▸ WORK TO COMPLETE
Repeat only the lines from the one that contains "Disney Aladdin 2019" through the final line of the listing below, exactly, please, without pictures.
*** Opening INFORMATION SUPPLIED ***
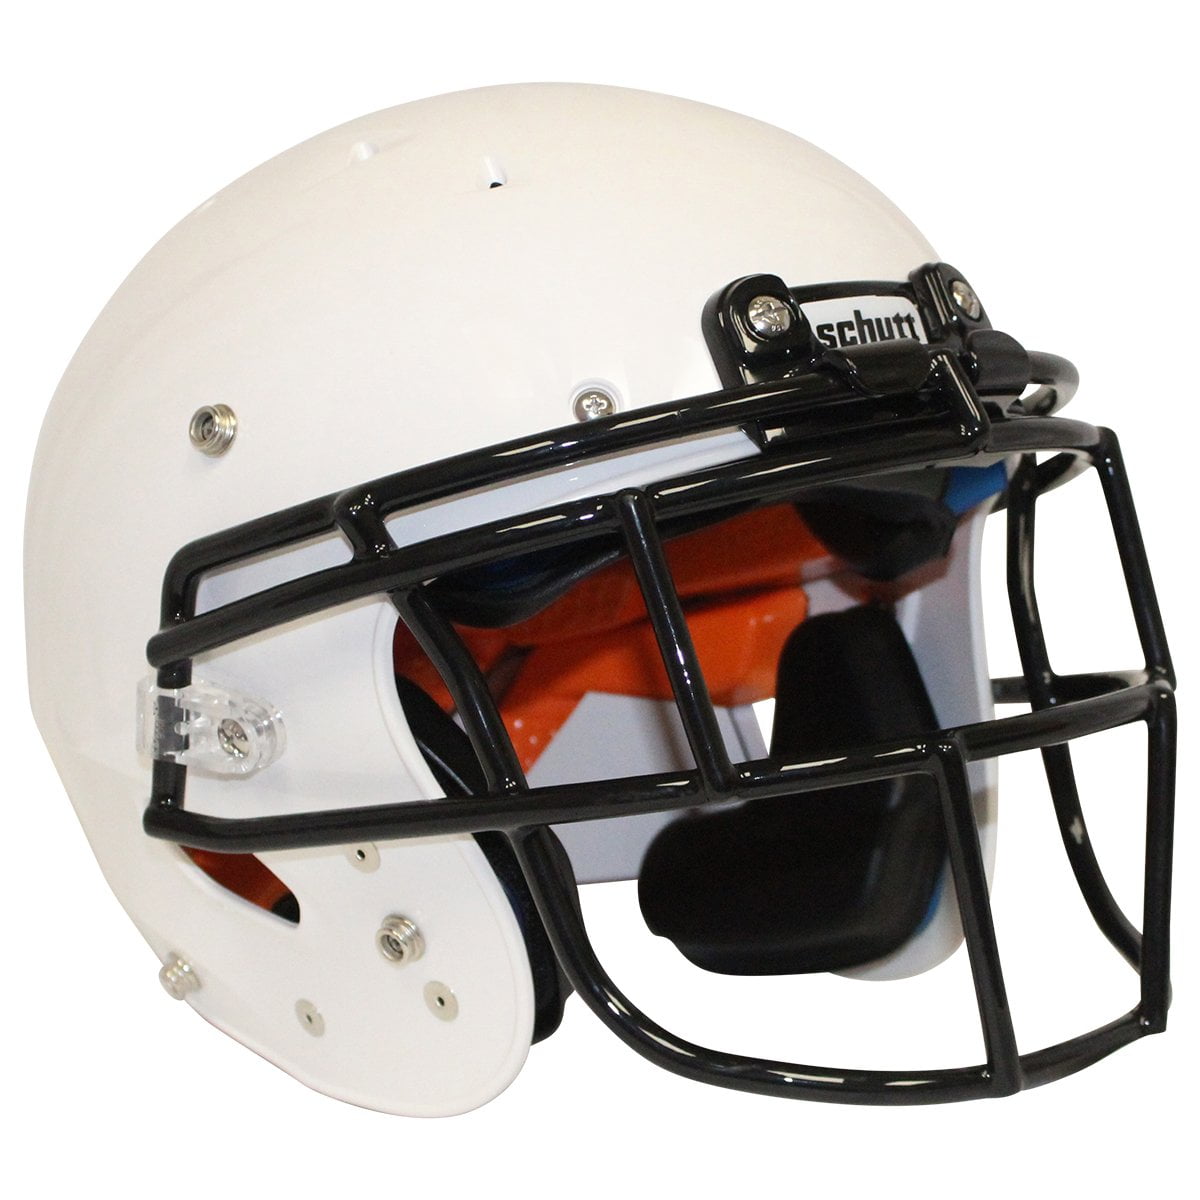 Schutt Recruit Hybrid Youth Football Helmet 
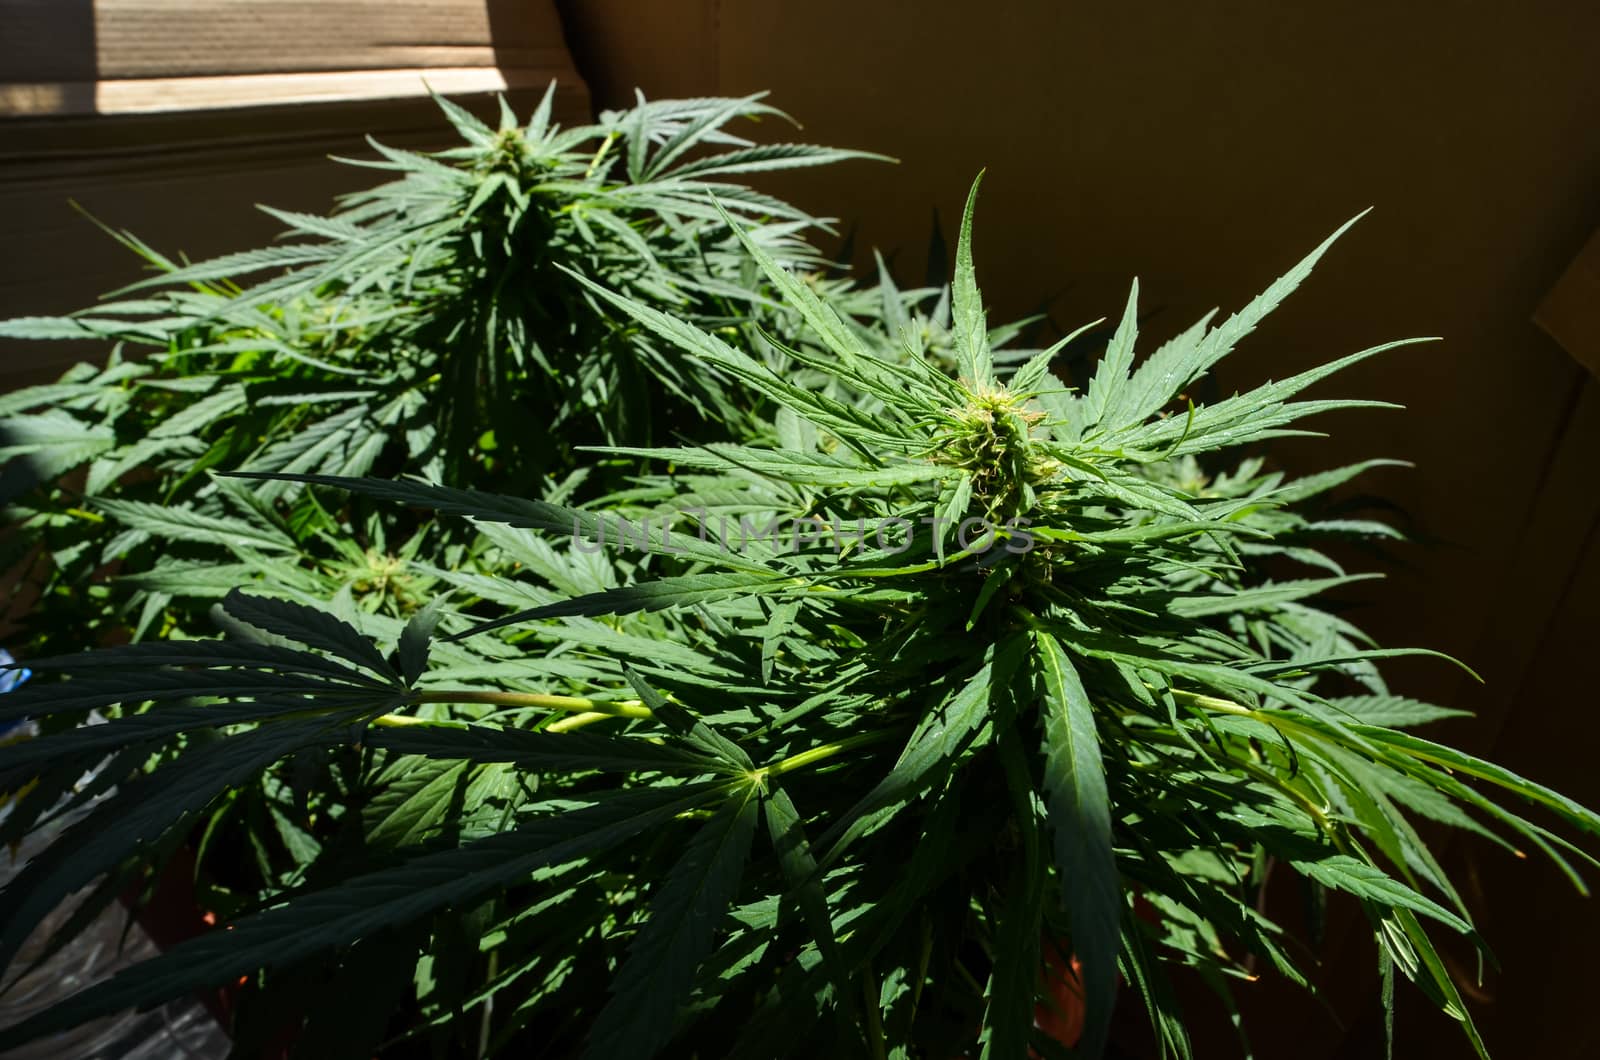 Blooming Cannabis Marijuana Green Buds mature Flowers
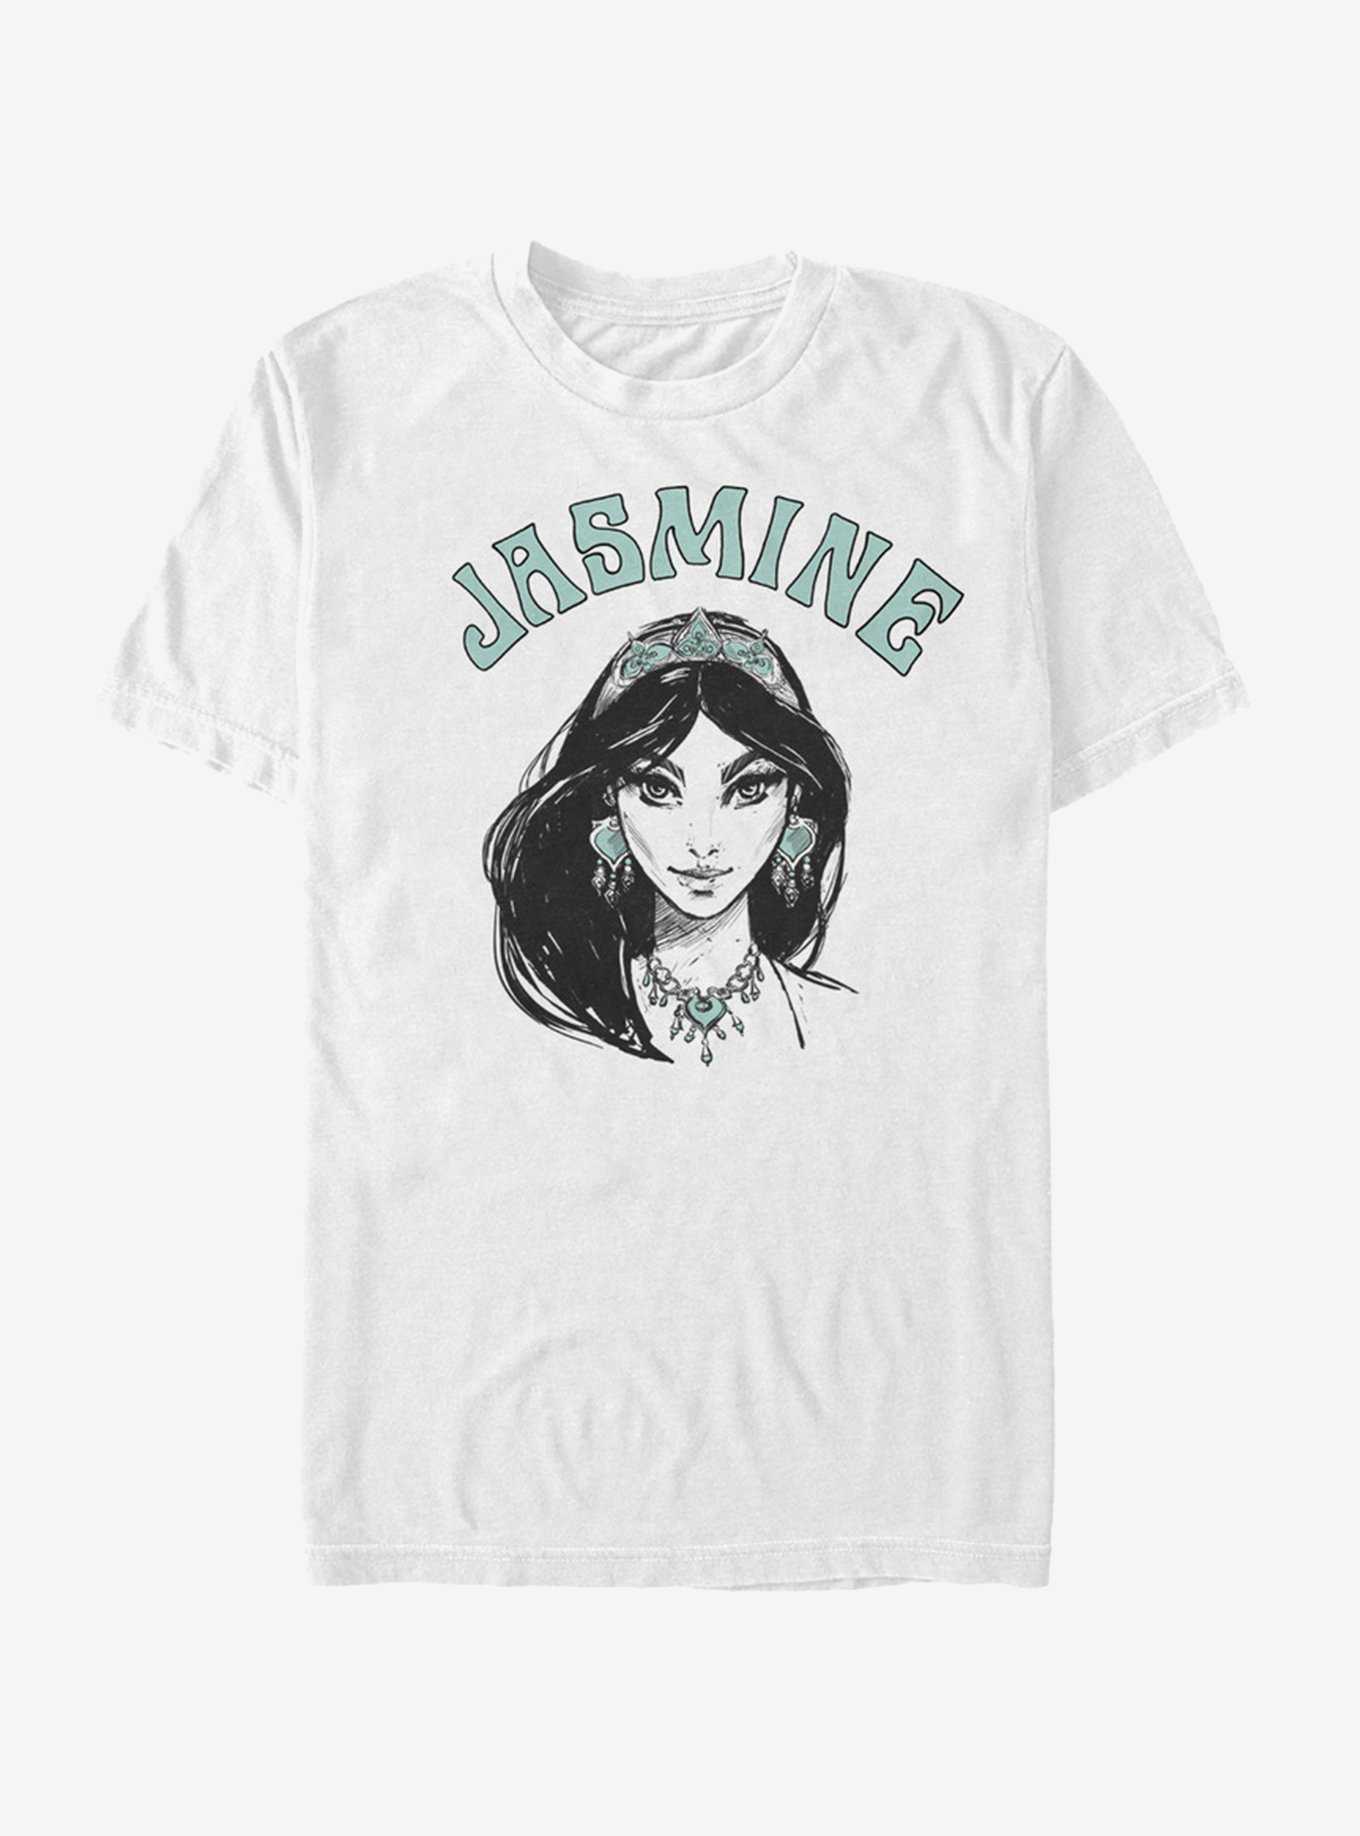 Disney Aladdin 2019 Jasmine T-Shirt, , hi-res
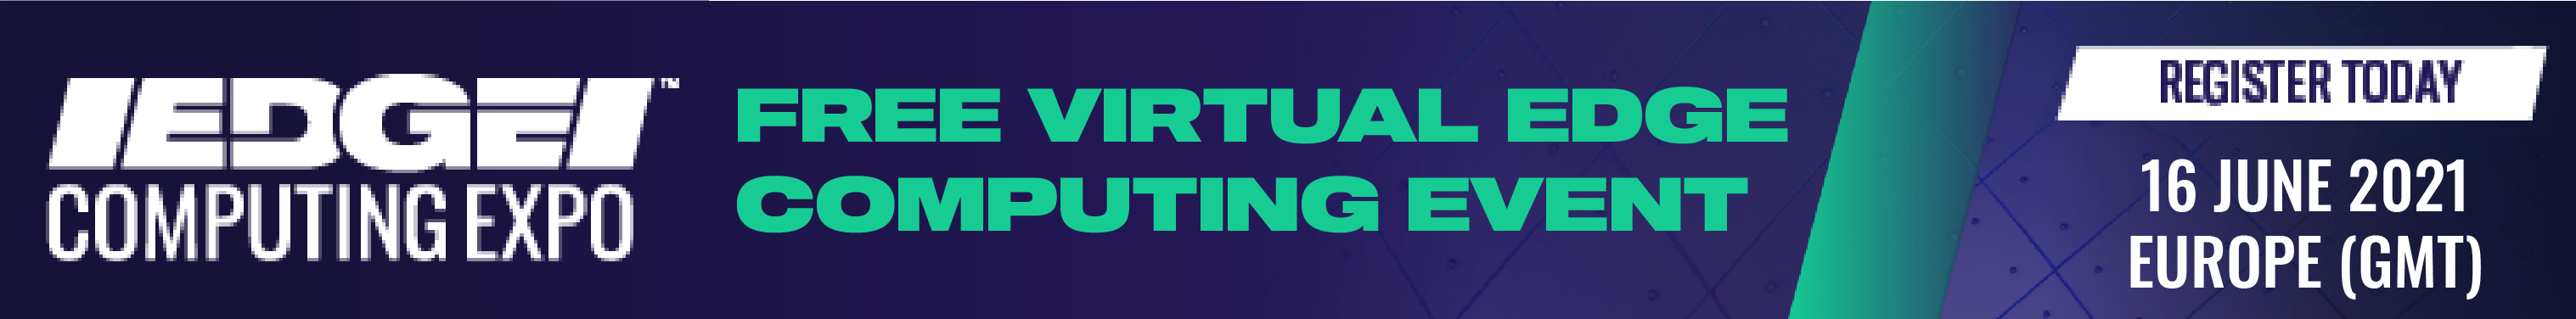 Free-virtual-edge-computing-event
*** Closing INFORMATION SUPPLIED ***
▸ TASK ANSWER
 Disney Aladdin 2019 Jasmine T-Shirt, , hi-res
 Free-virtual-edge-computing-event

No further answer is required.